INFORMATION SHOWN: Begin
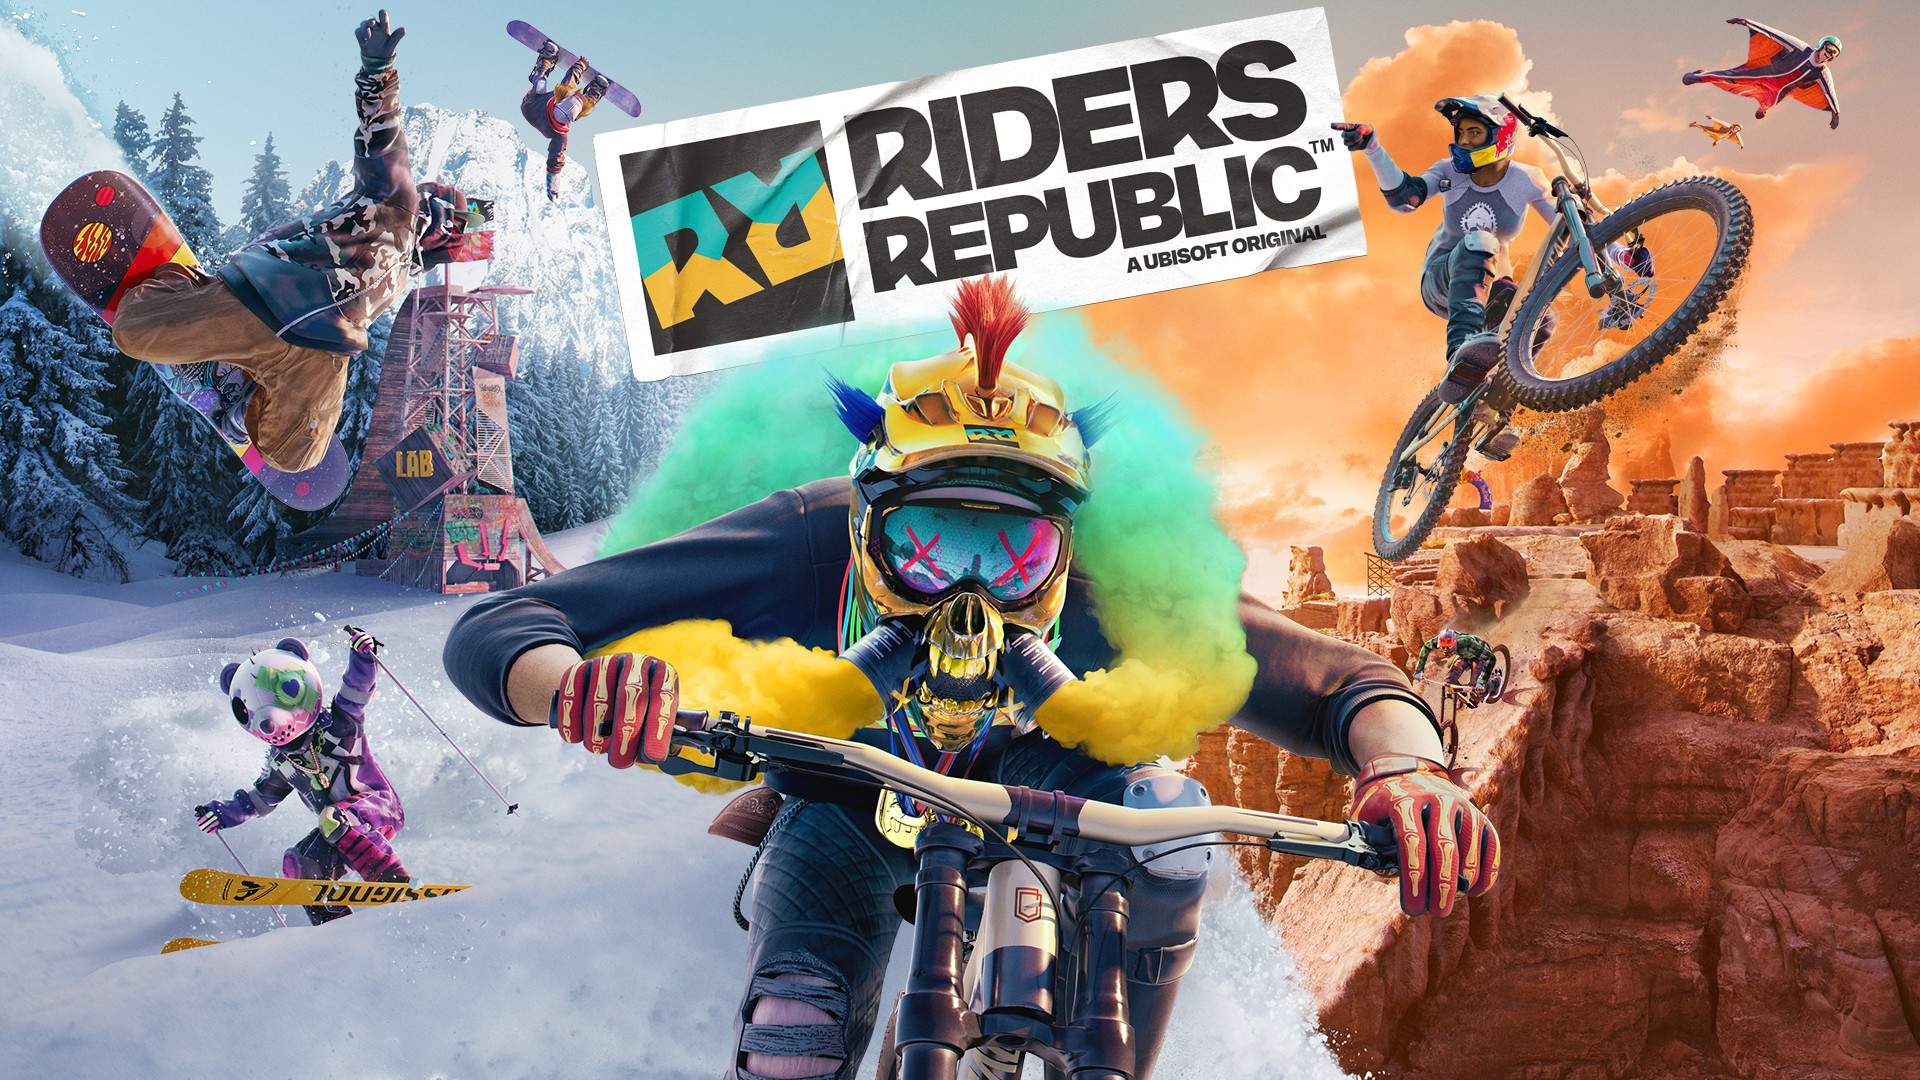 https://s1.cdn.autoevolution.com/images/news/riders-republic-review-setting-new-standards-for-extreme-sports-games-ps5-175236_1.jpg
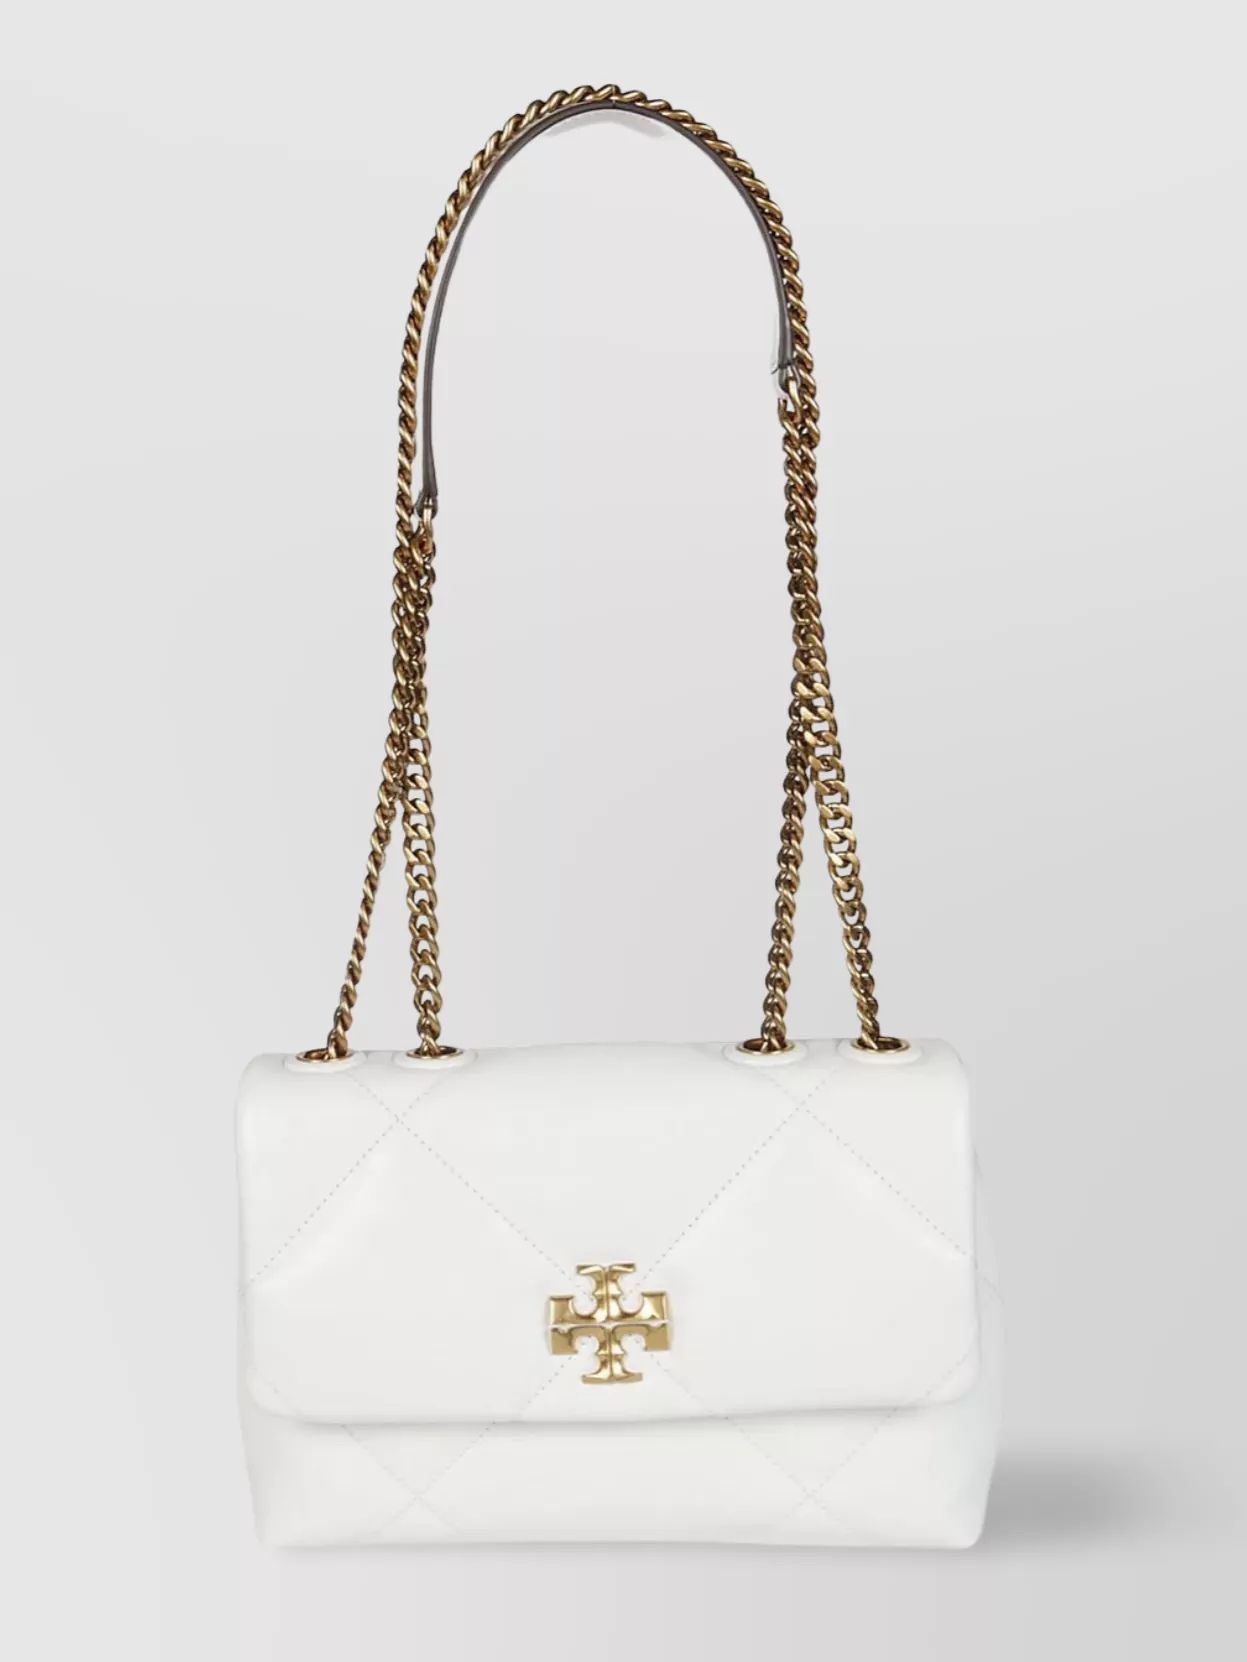 TORY BURCH SMALL QUILTED DIAMOND CHAIN SHOULDER BAG
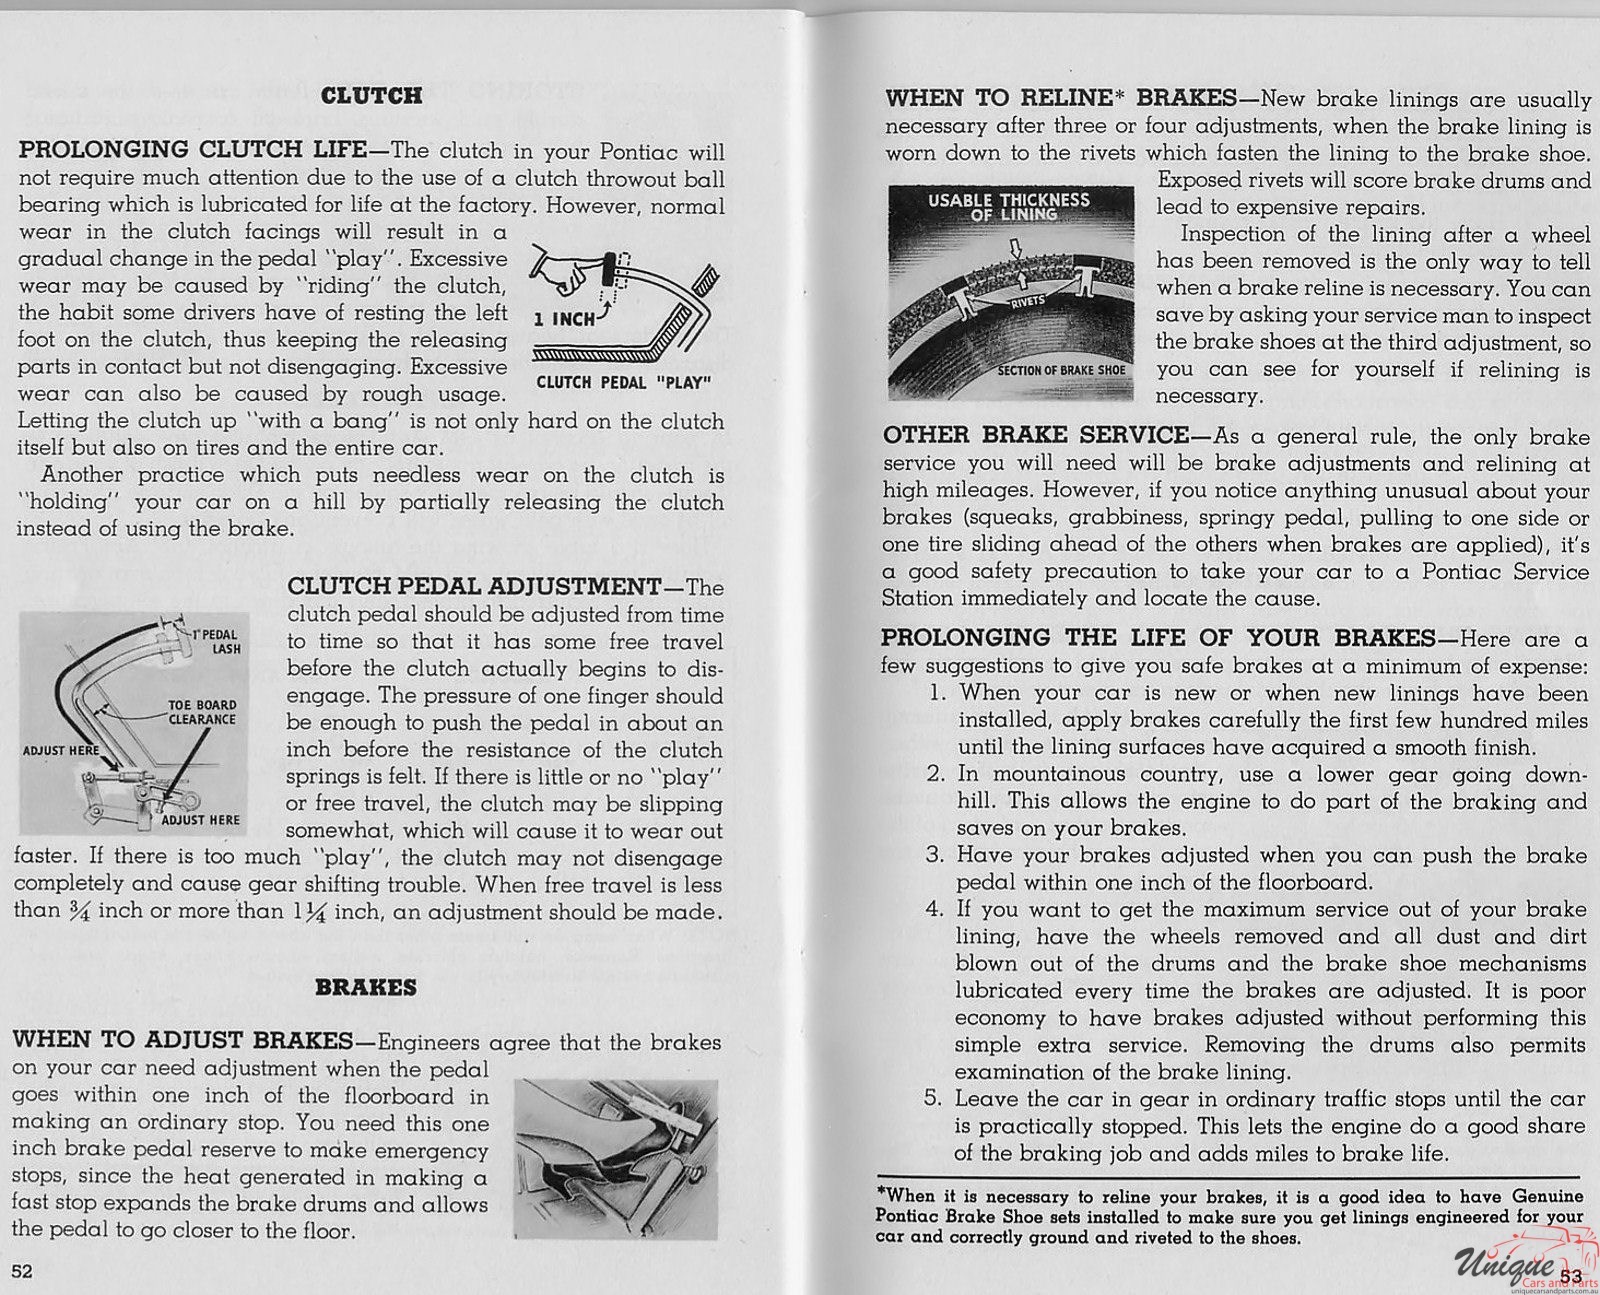 1950 Pontiac Owners Manual Page 9
INFORMATION SHOWN: End
### WORK TO COMPLETE
Output each line above exactly. Skip the images.

### SOLUTION TO THE PROBLEM
 https://s1.cdn.autoevolution.com/images/news/riders-republic-review-setting-new-standards-for-extreme-sports-games-ps5-175236_1.jpg
 TORY BURCH SMALL QUILTED DIAMOND CHAIN SHOULDER BAG
 1950 Pontiac Owners Manual Page 9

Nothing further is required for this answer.